L’entrée ouvre, le plat principal nourrit, le dessert conclut. Cette hiérarchie fonctionne aussi bien dans un restaurant gastronomique que dans un repas familial.
Le cas particulier des menus de mariage et des repas de fête
Dans un repas de mariage ou un dîner assis organisé par un traiteur, la séquence est souvent plus longue. On distingue alors parfois deux entrées (une froide et une chaude), un poisson suivi d’une viande, puis le fromage et le dessert. Le plat principal reste celui autour duquel s’articule le repas, généralement la viande ou le poisson le plus élaboré.
Les menus de fête permettent aussi d’observer des appellations plus fantaisistes. Sur les cartes de mariage, l’entrée peut être rebaptisée « ouverture », « prélude » ou « mise en bouche », tandis que le plat principal devient « pièce maîtresse » ou « cœur du repas ». Ces variations n’ont aucune valeur normative : elles relèvent de la présentation.

Menus modernes : quand le plat principal change de forme
La restauration contemporaine bouscule la séquence classique. Les formats de type planches à partager, petites assiettes ou tapas brouillent la frontière entre entrée et plat principal. Certains restaurants proposent des menus sans véritable plat de résistance, composés de cinq ou six services de taille équivalente.
Le plat principal n’est plus toujours le plus volumineux du repas. Dans les menus dégustation, chaque service est calibré pour former une progression de saveurs, d’épices et de textures plutôt qu’une montée en quantité.
Sur les cartes modernes, la catégorie « plats » peut aussi inclure des propositions plus légères qu’un traditionnel plat de résistance : bowl complet, risotto, plat de légumes rôtis. La distinction avec l’entrée repose alors moins sur la quantité que sur la place dans l’ordre de service.
Fromage : avant ou après le dessert
La question du fromage mérite une parenthèse. En France, la tradition dominante place le fromage après le plat principal et avant le dessert. Cette position a une logique gustative : on passe du salé au sucré de manière progressive.
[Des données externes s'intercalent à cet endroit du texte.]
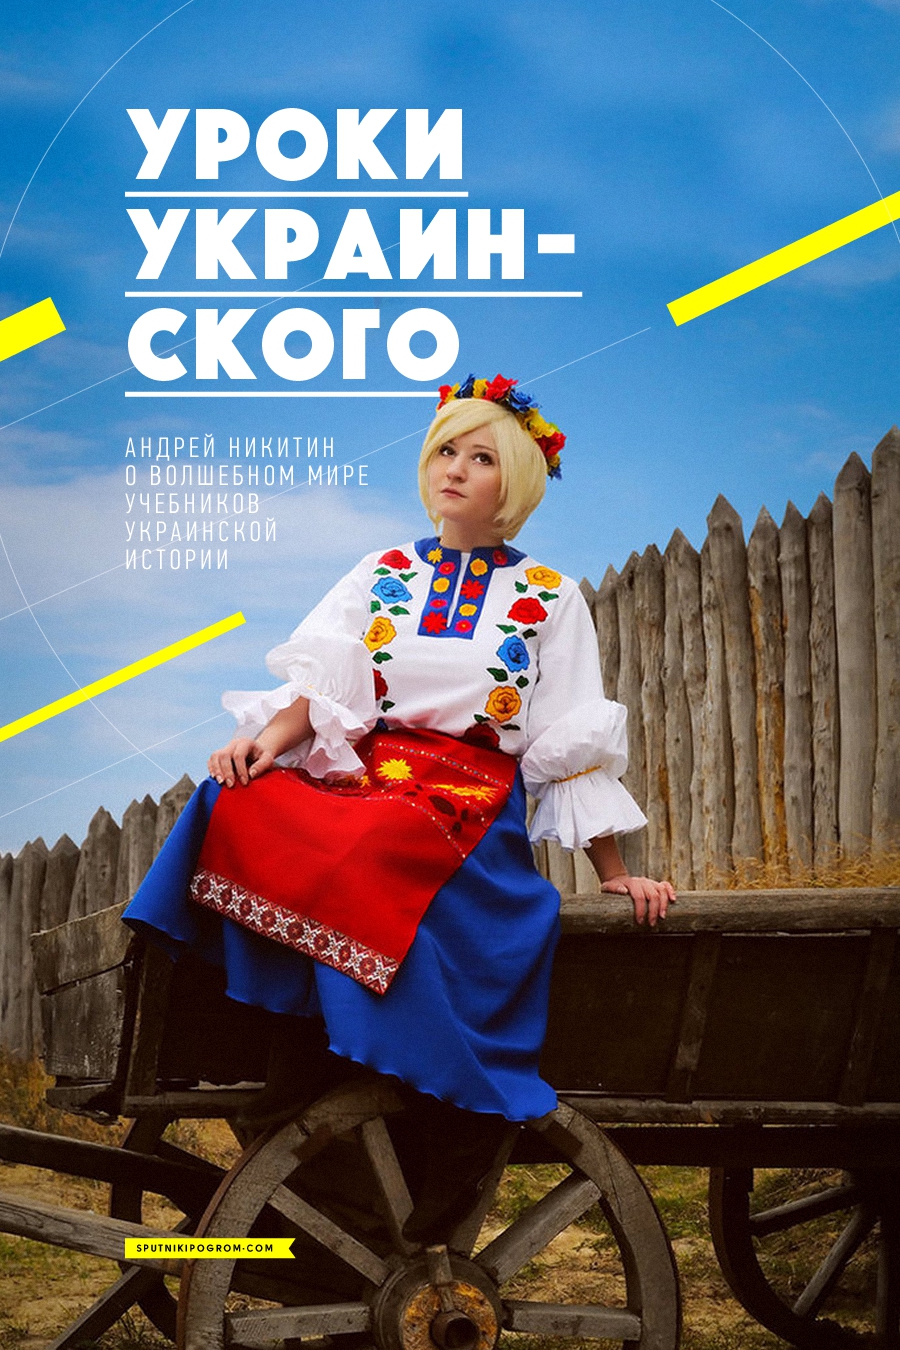 Уроки украинского: чему учат школьников учебники украинской истории? дети, история, украина, учебники

D’autres pays inversent cet ordre. En Angleterre, le fromage se mange après le dessert, parfois accompagné de fruits. La place du fromage dans le repas varie selon les pays, ce qui montre que la séquence entrée-plat-dessert n’a rien d’universel.
Le plat qui suit l’entrée dans un repas français porte donc un nom simple et sans mystère : plat principal, ou plat de résistance. Que le menu soit un triptyque classique ou une série de petites assiettes modernes, c’est toujours ce service qui ancre le repas et lui donne sa colonne vertébrale.